You’ve encountered the Neiman Marcus cookie urban legend before, yes? The story of the $250 cookie recipe? According to author Jessie Oleson Moore, “As the story goes (and there are many variations), a woman and her daughter are shopping at Neiman Marcus and snacking on a chocolate chip cookie in the luxe department store’s café. Impressed, they ask for the recipe. They’re informed that it will come with a ‘two-fifty’ charge, which will be put on the mother’s account. Not bad for a good chocolate chip cookie recipe, right? But as it later turned out, the amount billed was $250, not a mere $2.50. Incensed, the mom photocopies the recipe for the chocolate chip cookie and shares it with all her friends, urging them to share it with their friends, so that the store will never make another penny off this cookie—and, more altruistically, so that it may be enjoyed by all.”

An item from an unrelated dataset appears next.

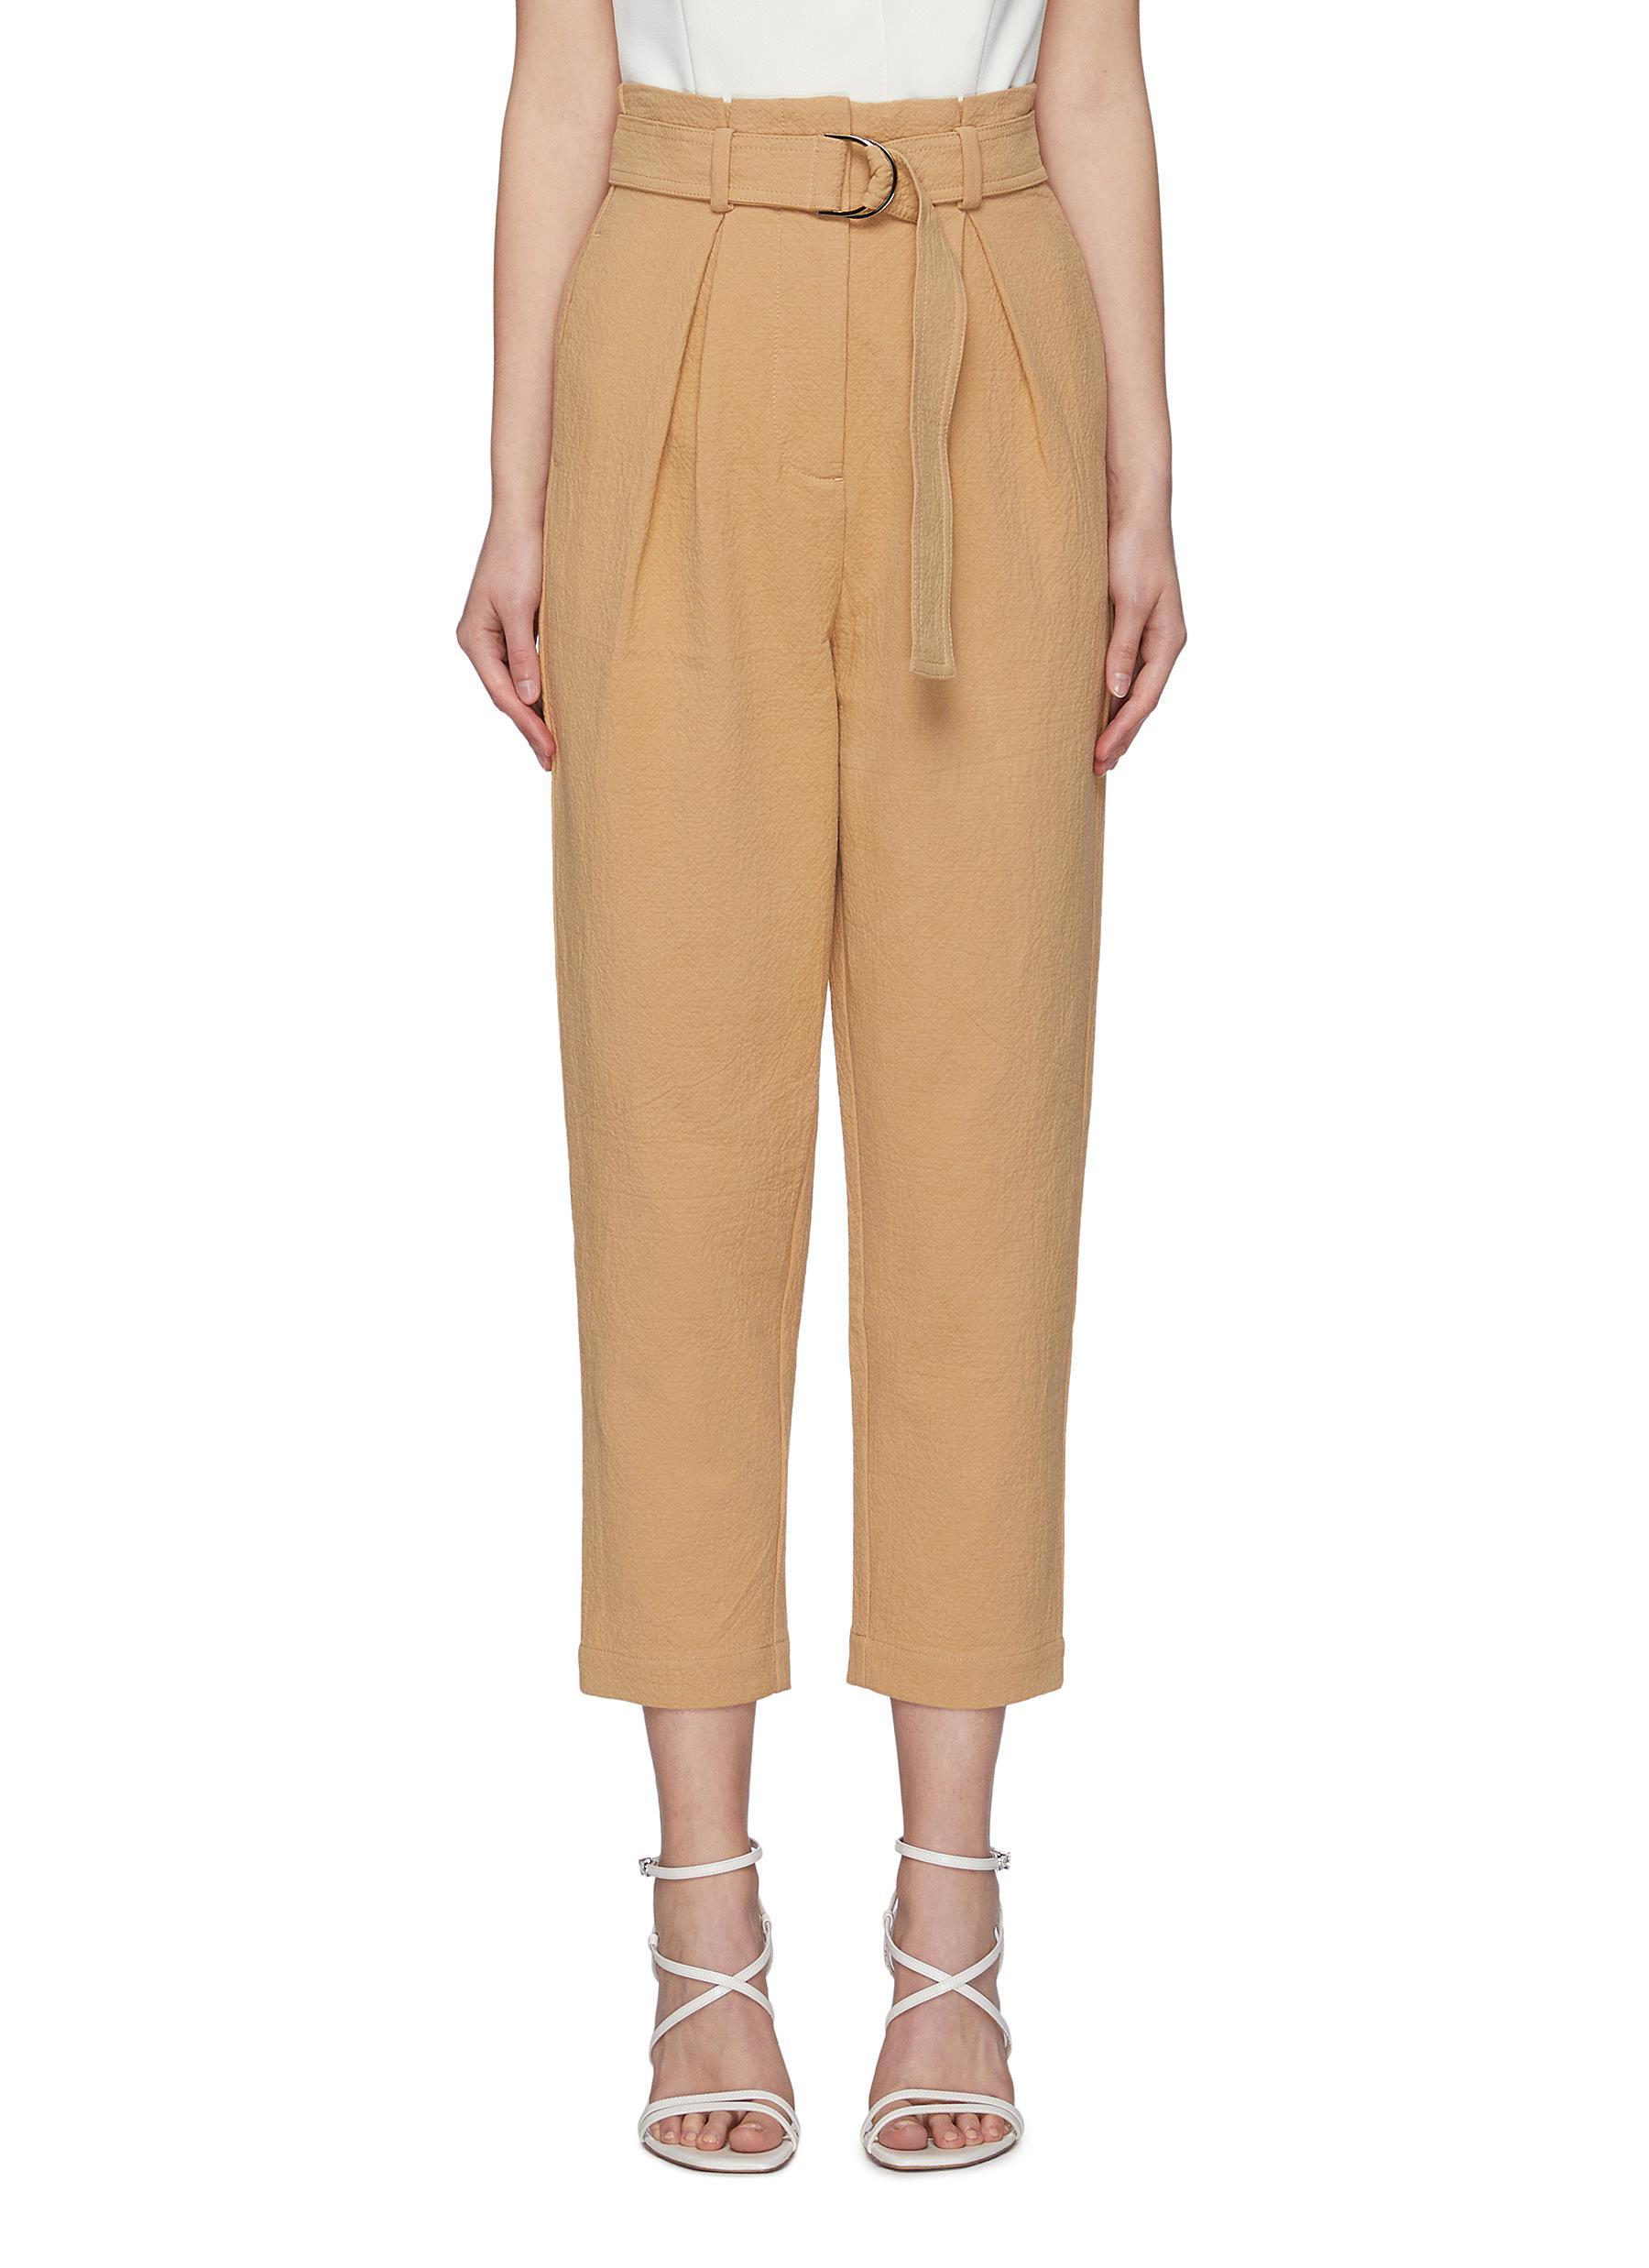 'Newton' Belted Front Pleat Crop Pants

Chances are it’s just an urban legend. As Moore goes on to explain, “Before the emergence of this legend, the department store didn’t sell chocolate chip cookies, much less have a recipe to share. But after the legend started circulating, you can bet your bottom dollar they got themselves a cookie recipe. Yes, indeed—they created a cookie in response to the demand created by all the hubbub. Neiman Marcus has published the recipe in one of their cookbooks (which, by the way, retails for less than $250). That version of the cookie recipe differs from the recipe for the people’s cookie. It yields a great cookie—and a great number of them. In essence, this recipe is an interesting riff on classic chocolate chip cookies—some would even say it’s an improvement. What appears to be an alarming amount of chocolate in this recipe actually doesn’t come across as excessive, so fear not.”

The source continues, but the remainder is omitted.